NP: What about something like The Alpine Review? Do you find that sort of feeds the network or helps create the network? What's the benefit of doing something like that?
LJD: I did not really know what I was doing when I launched The Alpine Review, but what I knew was that I needed a voice and a way of connecting. I’m not into social media because I don’t like the immediacy these platforms require, or the constant connection, which I feel becomes a huge burden. But I suppose one needs to “exist” in the digital world beyond one’s LinkedIn profile, and for me the answer came—as it usually does—by thinking in contrarian fashion. And in this case, the idea was to start a print magazine. Not only did I really love the idea of making something tangible and beautiful, but also practically it was feasible to make a magazine. I could fund it myself, and once launched it did not require any maintenance aside from shipping sold copies. If I was lucky, some people would like it, and I would get accolades for a job well done. That was it. It helps that back then (and to this day) I am able to make a living in corporate circles as an adviser, which allows me the luxury of patience.

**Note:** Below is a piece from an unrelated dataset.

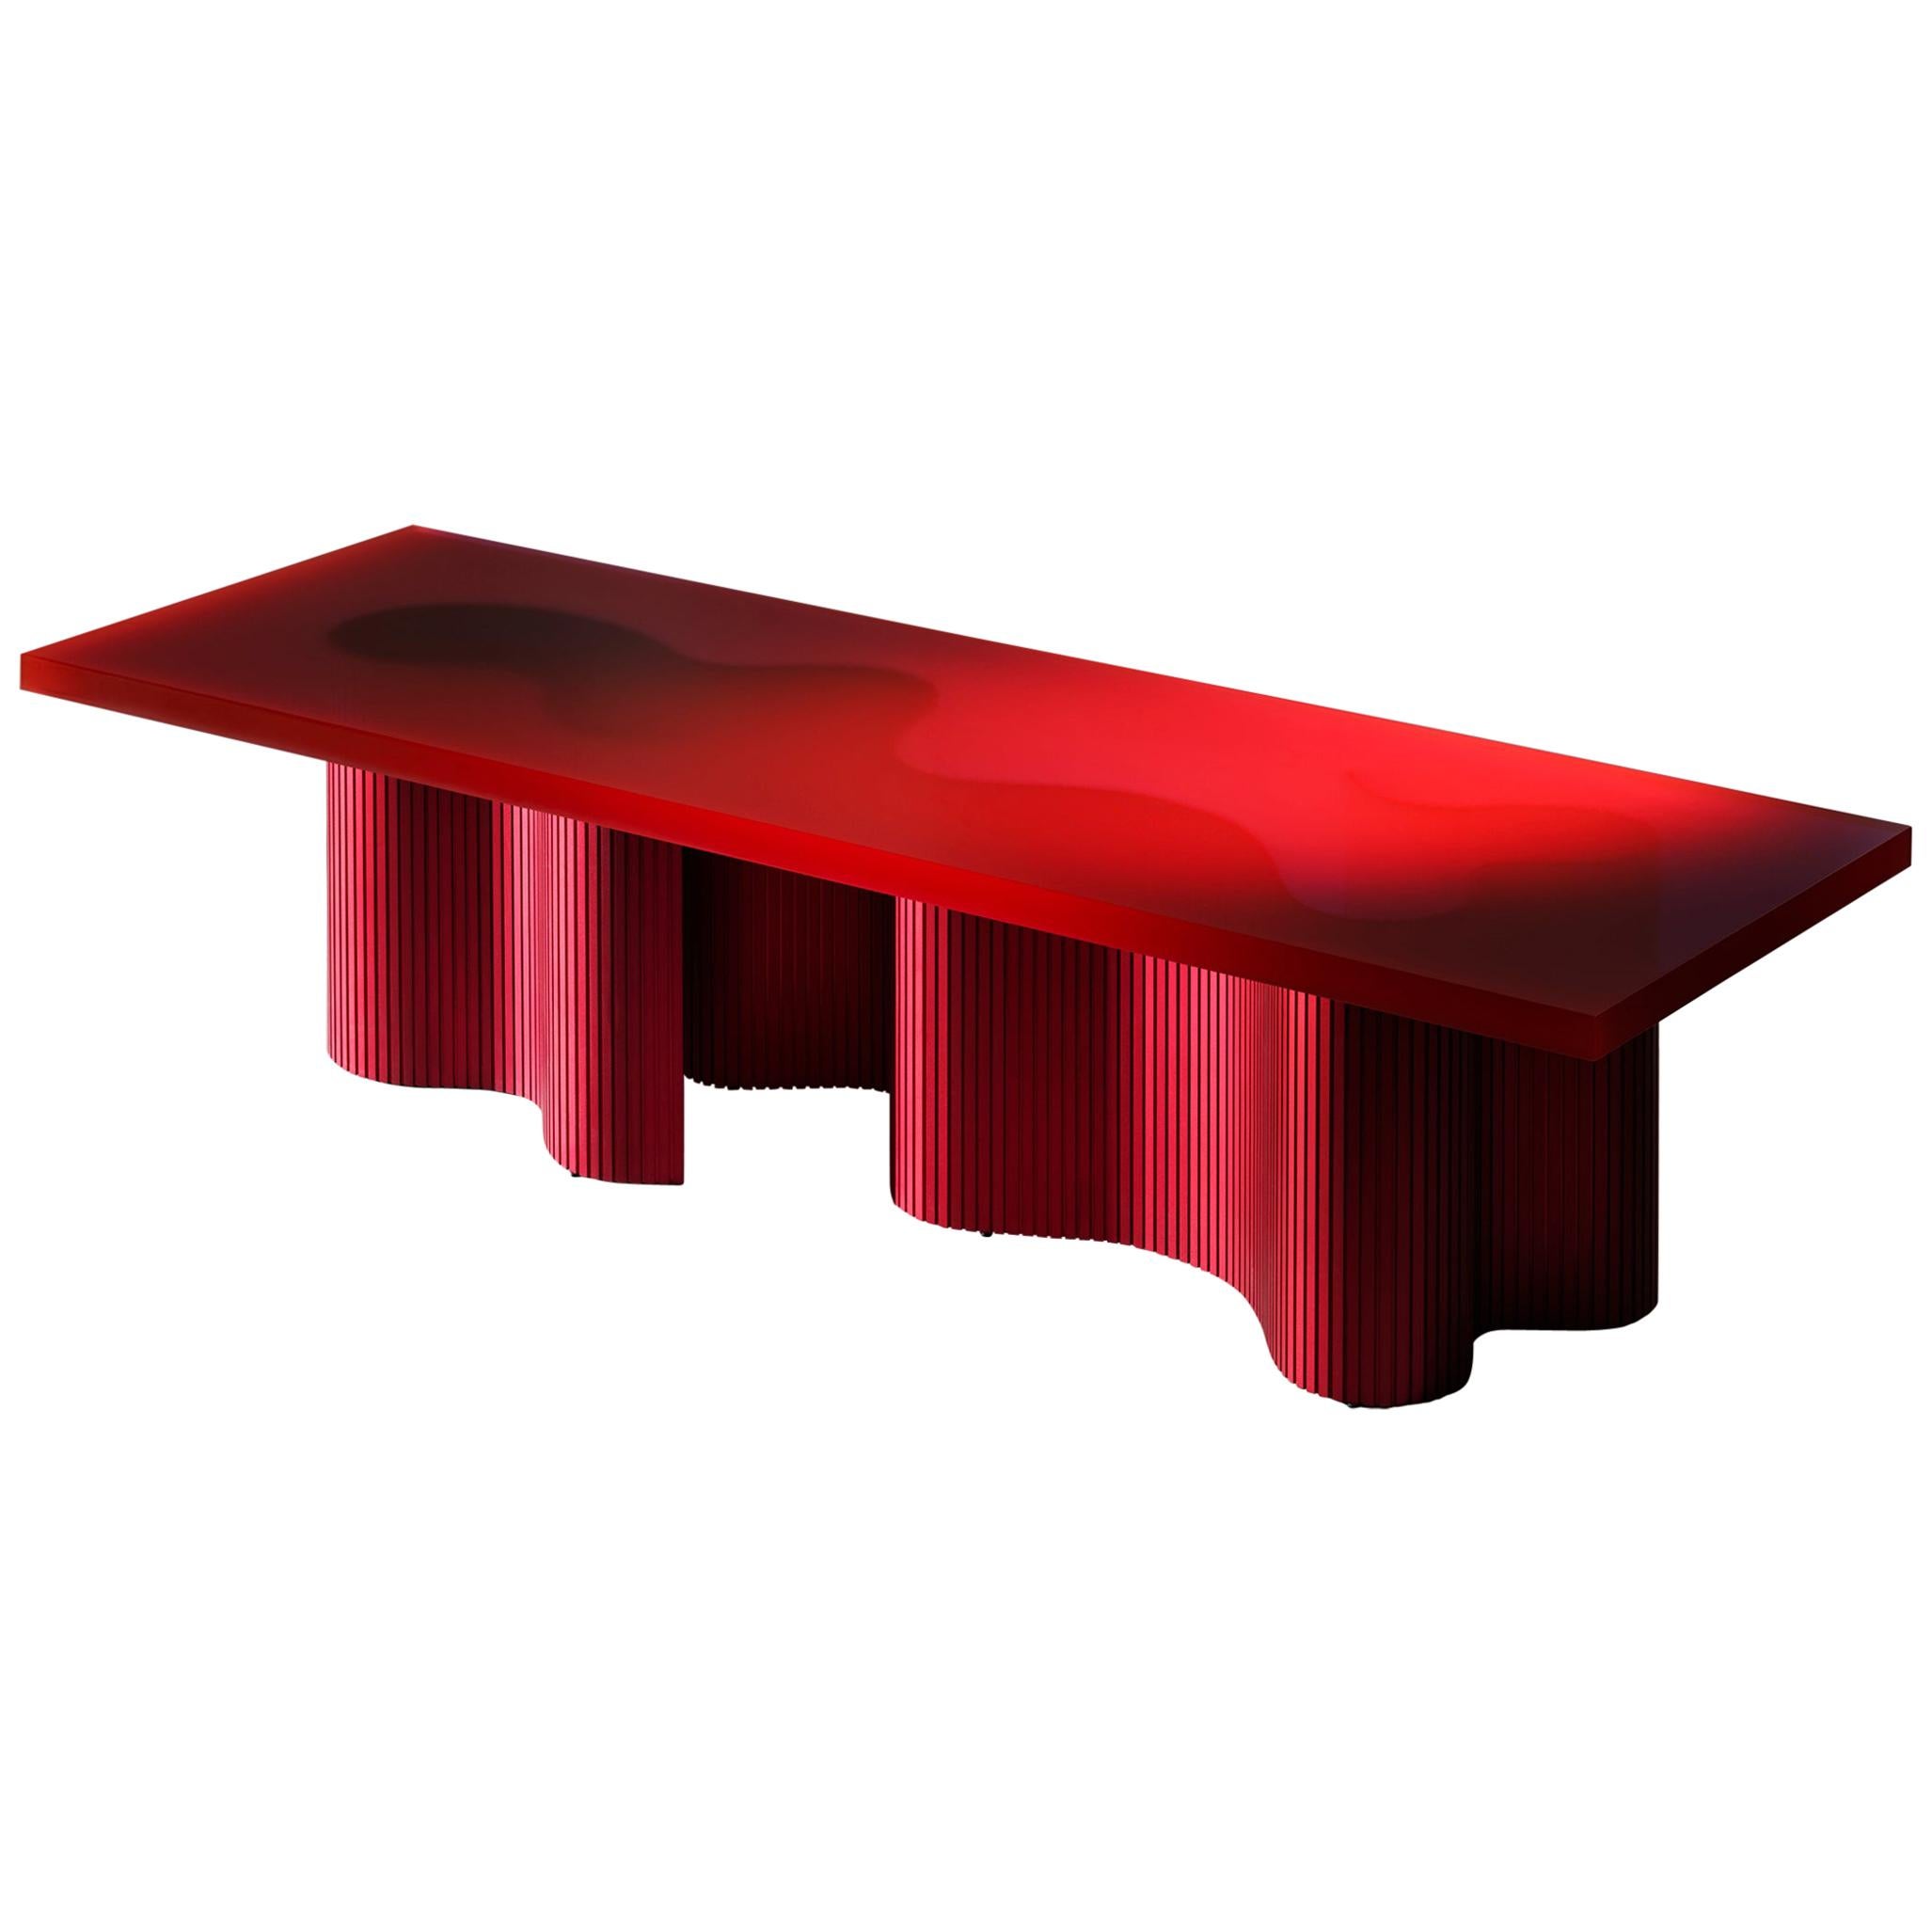 Contemporary Resin Coffee Table, Red Polished Spine Table, by Erik Olovsson

NP: That's the thing, isn't it? When you do a project like that, you never really know what the benefit is going to be, so you have to be passionate about it, you have to believe in it in order to make it. Then, naturally, somewhere down the line, it has some benefit that you couldn't have possibly foreseen in some way.
PP: For me, it's the sense that in your professional experience there's something that you are driven to create. There's a gap that you're filling. Even if you can't figure out why exactly, you know that you're going to create something of worth there, and there are people out there that are probably asking the same questions.

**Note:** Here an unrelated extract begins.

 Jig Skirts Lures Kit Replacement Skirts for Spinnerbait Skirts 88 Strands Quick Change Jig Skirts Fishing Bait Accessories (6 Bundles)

LJD: Initially I had a lot of doubts over the investment I was making in this adventure. My daughter was six months old and I thought, "Oh my god! I'm spending all of that money. Their college education!" The thing is, personally, I felt there was a moment in my career where I needed to understand where I was going, and I said to myself, "I'm looking at the fundamentals of the economy and clearly I'm going to work until I'm seventy-five whether I like it or not. Work is not going away in ten or fifteen years. So what am I going to do?" I felt that for the next twenty years I needed to start building something that would allow me to connect with other people.
The return on investment for me, that's what helped make it work. I'm going to harvest the ROI over a twenty-five-year period.